Network World: New ways enterprises can use VPNs
The pandemic has accelerated the development of better ways to serve and secure remote workers, which make it a good time to re-examine VPNs. Recently VPNs have received technical boosts with the addition of protocol options that improve functionality far ahead of where they were when first invented. At the same time, new security architectures zero trust network access (ZTNA), secure access service edge (SASE), and security service edge (SSE) are making inroads into what had been the domain of remote-access VPNs.
In my latest post for Network World, I talk about ways that VPNs can complete ZTNA.
Printer inks and tractors, and the right to repair
You might recall several years ago when it came time to replace an “empty” Lexmark printer cartridge, you had to purchase a new “authentic” one as a replacement. HP had a similar program. Lexmark was sued (and lost in the Supreme Court) by a third-party ink maker who was blocked by the locking software. (The reason for the quotes is because these cartridges are seldom anywhere near empty, wasting a lot of ink. But let’s stay focused.)

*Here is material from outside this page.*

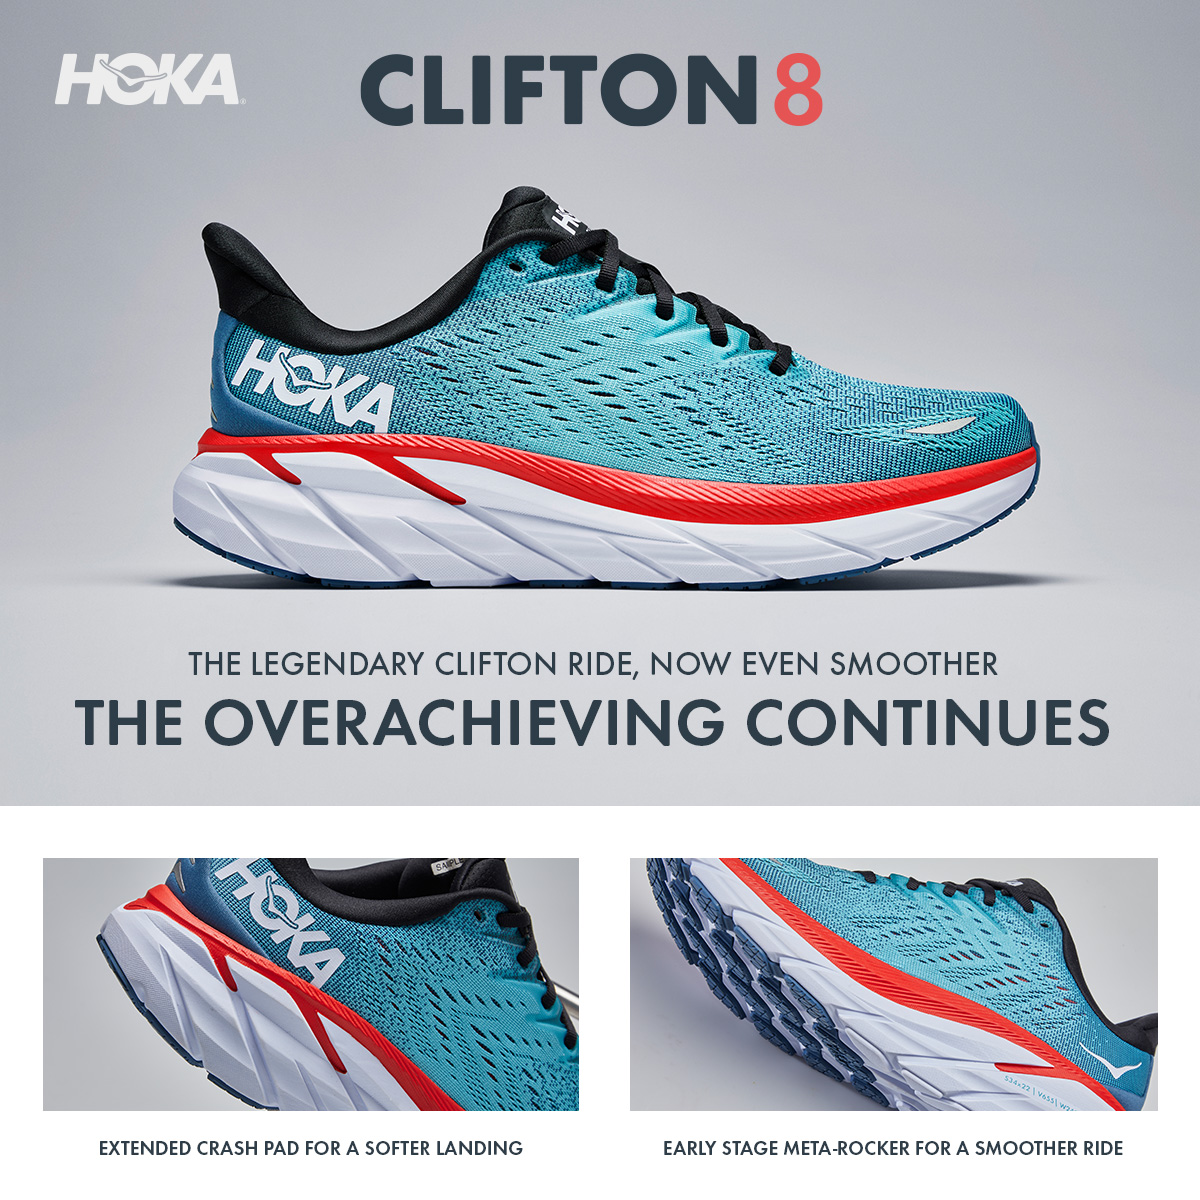 HOKA CLIFTON 8: THE OVERACHIEVING CONTINUES

What does this have in common with tractors? John Deere has special locking software that prevents farmers from doing their own repairs. This came to light recently when Russian troops stole about US$5M worth of them from Ukraine and brought them to Chechnya. The Ukrainians were able to “brick” the tractors by engaging the software. This is not a coincidence: their software engineers have been hacking Deere tractors for years.
Now, while you may cheer on the Ukrainians, this exposes the dark side of tech called the right to repair. For the past decade, tech companies have come under fire for preventing “unauthorized” repair work on their equipment. Apple is one of the most egregious, you can’t just have anyone fix your gear. But as supply chains stretch and break during the pandemic, we need more flexibility, not less. And typically using the authorized repair folks is nothing more than having an added surcharge to your repair bill. (And if you are a farmer, waiting for the Deere repair dude to drive out to your farm.)
One small victory in this arena has been the unlocking of cellphones. Remember when you had to get permission from your phone vendor if you wanted to port your phone and your number to another carrier? You still need to go through a somewhat dense process, but at least the carriers have to sell you a new unlocked phone. Various states now have laws on their books to mandate rights to repair, but it still is far from universal.